START Information supplied
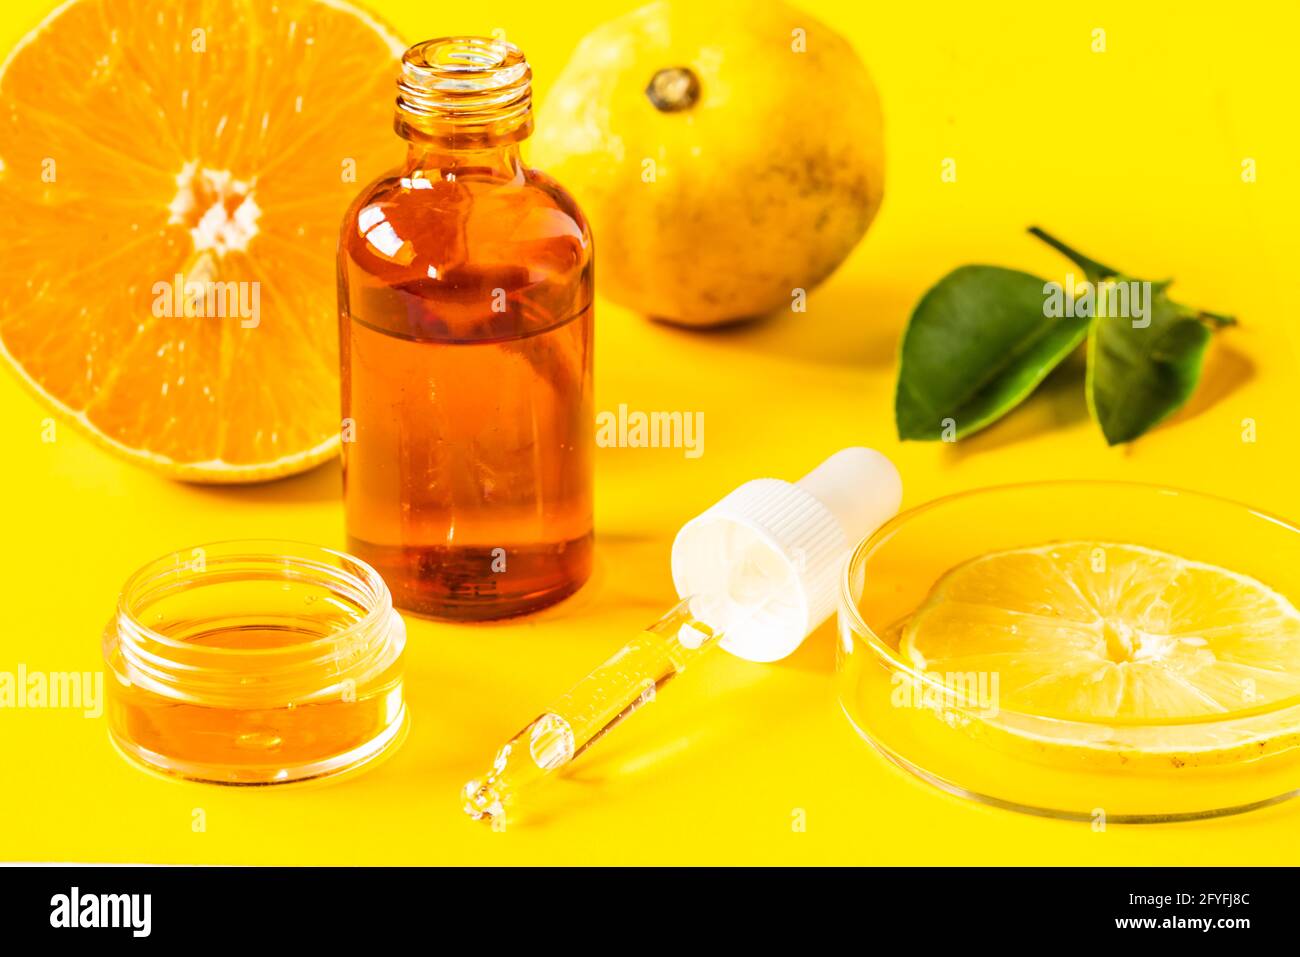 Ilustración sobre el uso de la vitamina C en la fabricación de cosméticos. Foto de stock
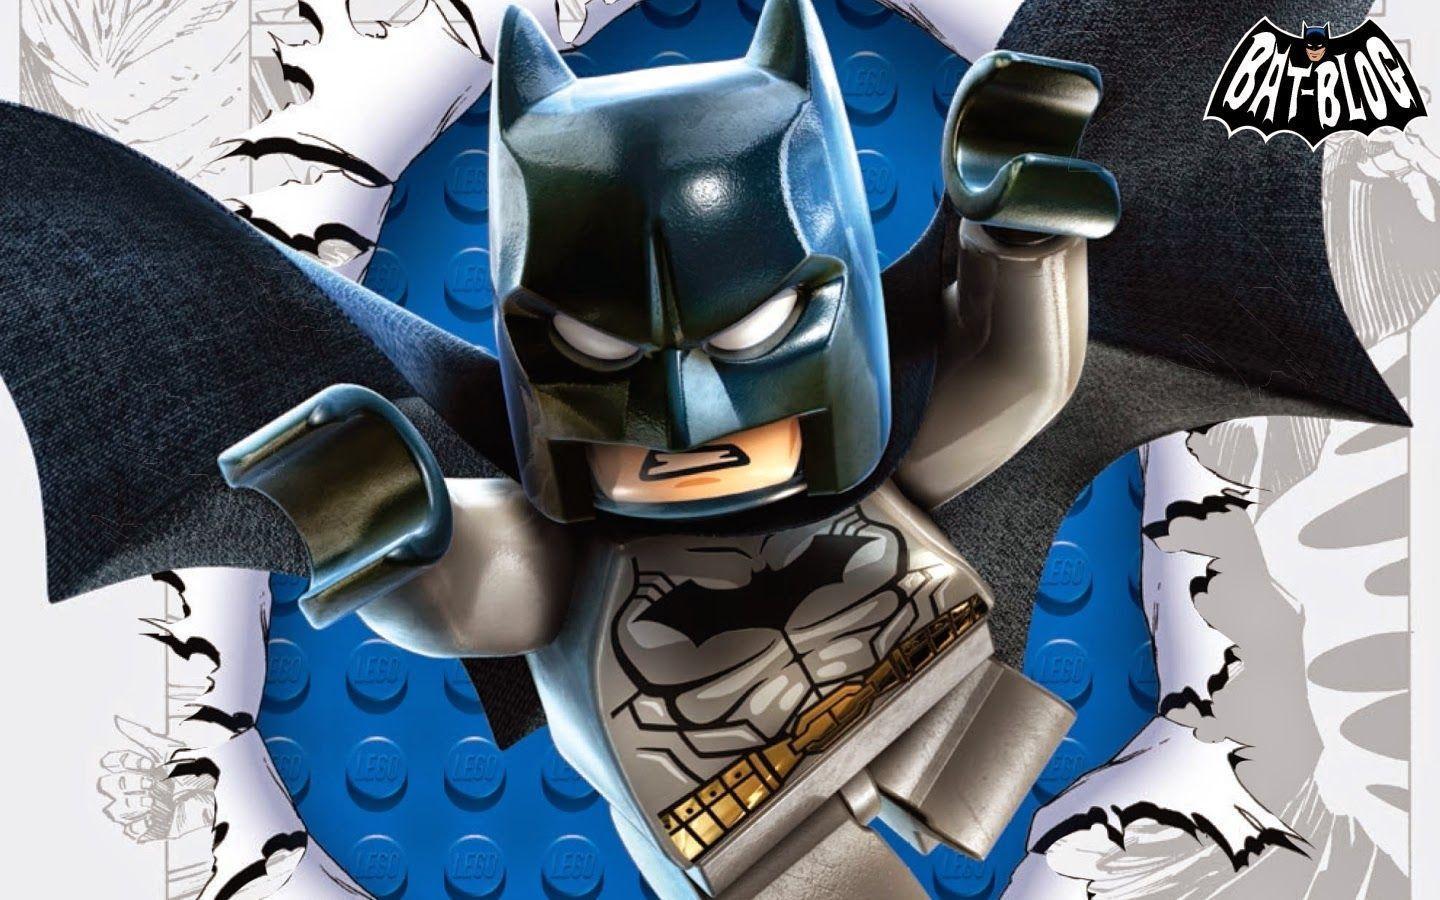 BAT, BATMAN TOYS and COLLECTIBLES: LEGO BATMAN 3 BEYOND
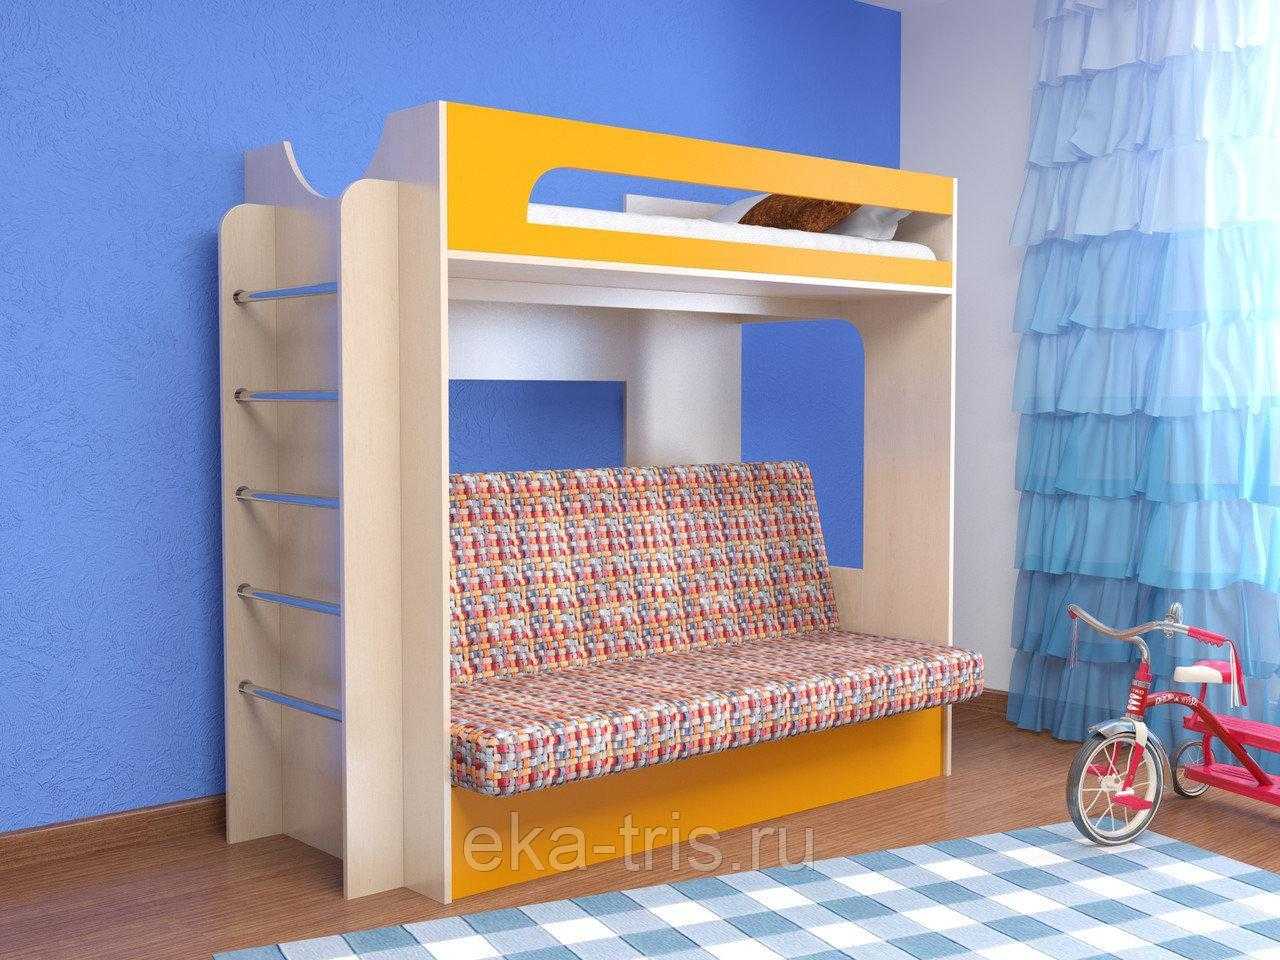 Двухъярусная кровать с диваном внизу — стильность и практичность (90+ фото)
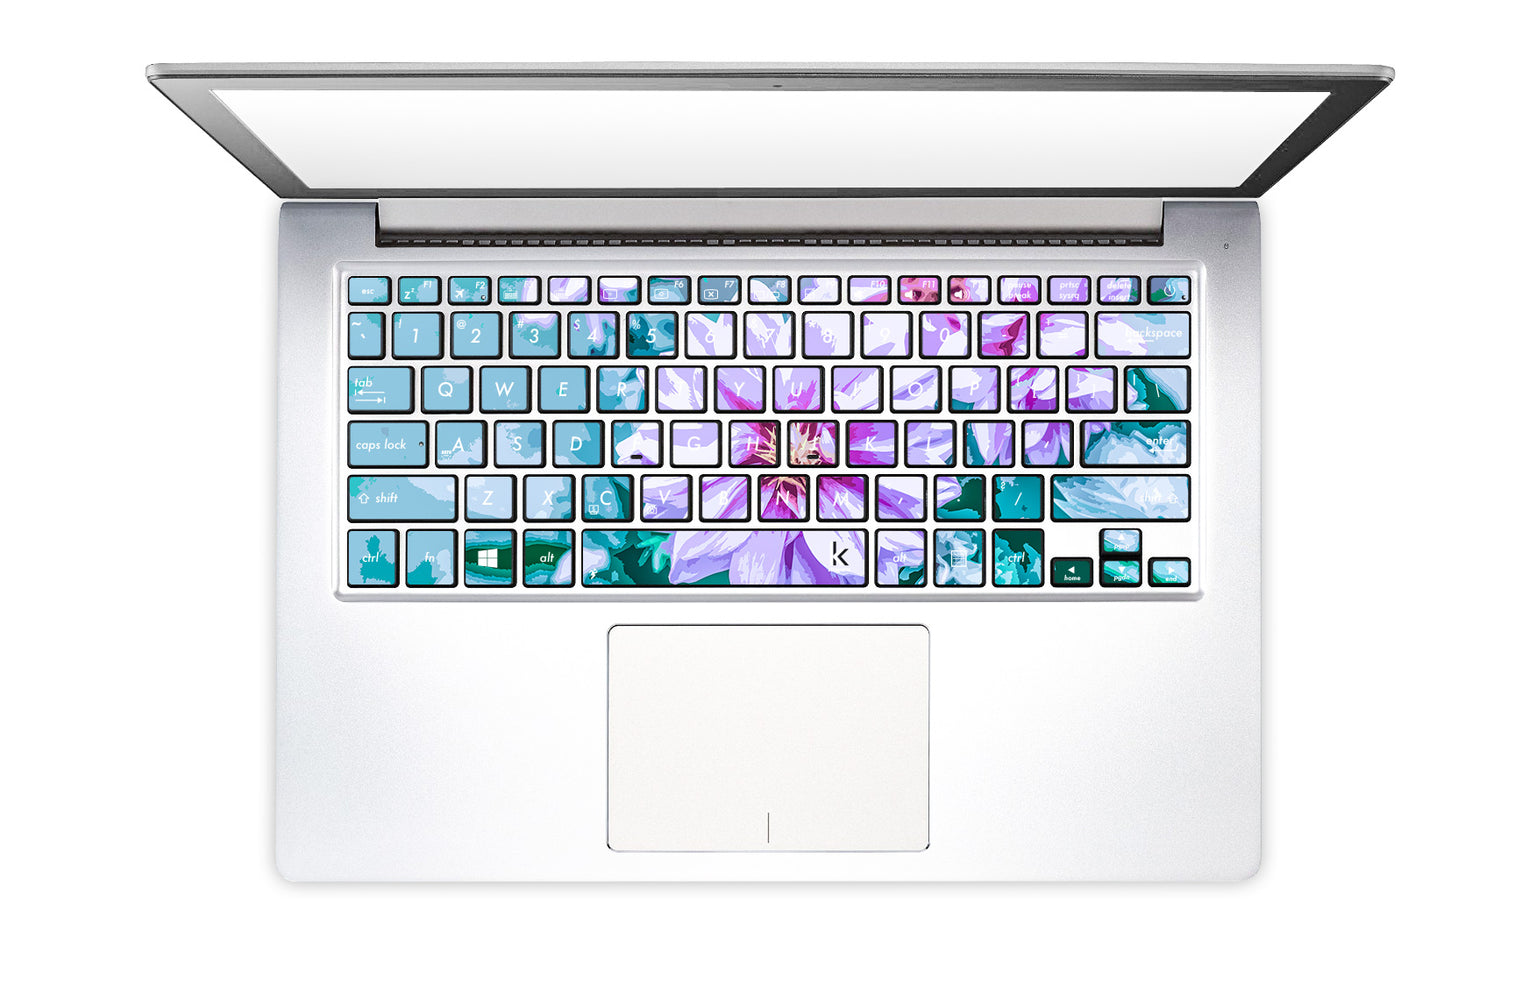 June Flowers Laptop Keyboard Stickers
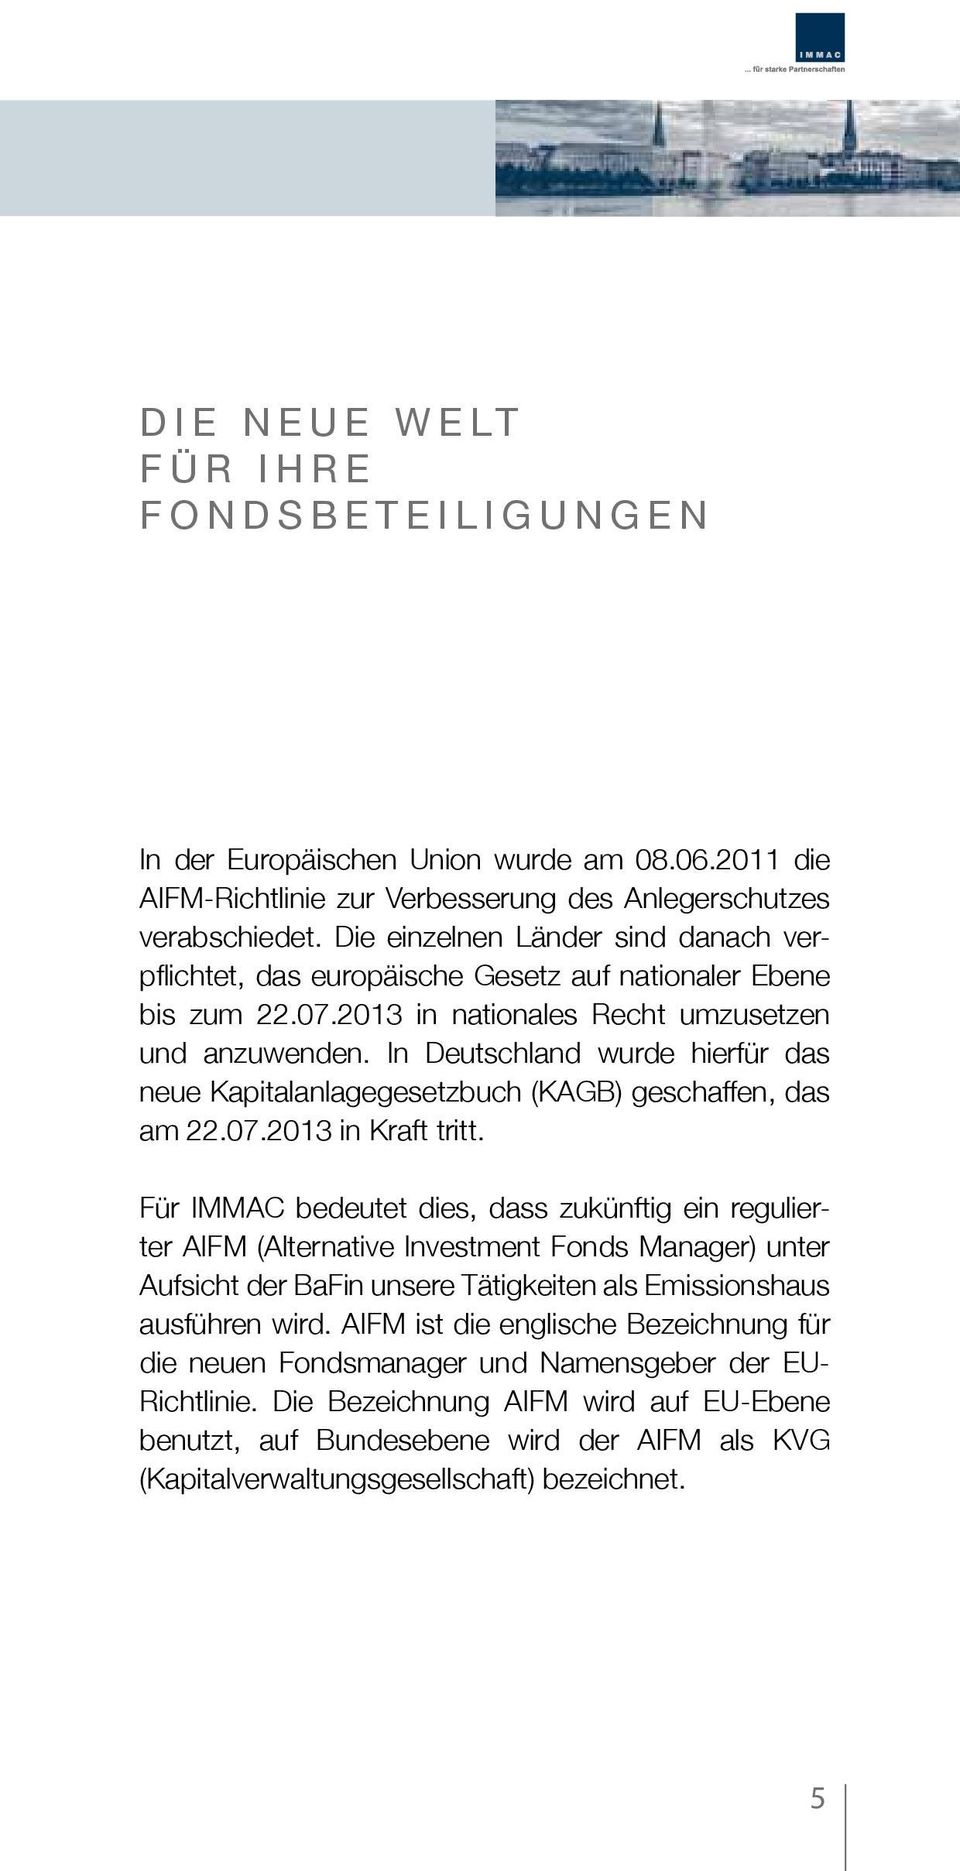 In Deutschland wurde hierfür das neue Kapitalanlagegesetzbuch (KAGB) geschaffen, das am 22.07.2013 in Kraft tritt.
END Information supplied
* What is being asked:
Could you repeat every entry above exactly, with each picture omitted?

* Worked solution:
 Ilustración sobre el uso de la vitamina C en la fabricación de cosméticos. Foto de stock
 BAT, BATMAN TOYS and COLLECTIBLES: LEGO BATMAN 3 BEYOND
 Двухъярусная кровать с диваном внизу — стильность и практичность (90+ фото)
 June Flowers Laptop Keyboard Stickers
 In Deutschland wurde hierfür das neue Kapitalanlagegesetzbuch (KAGB) geschaffen, das am 22.07.2013 in Kraft tritt.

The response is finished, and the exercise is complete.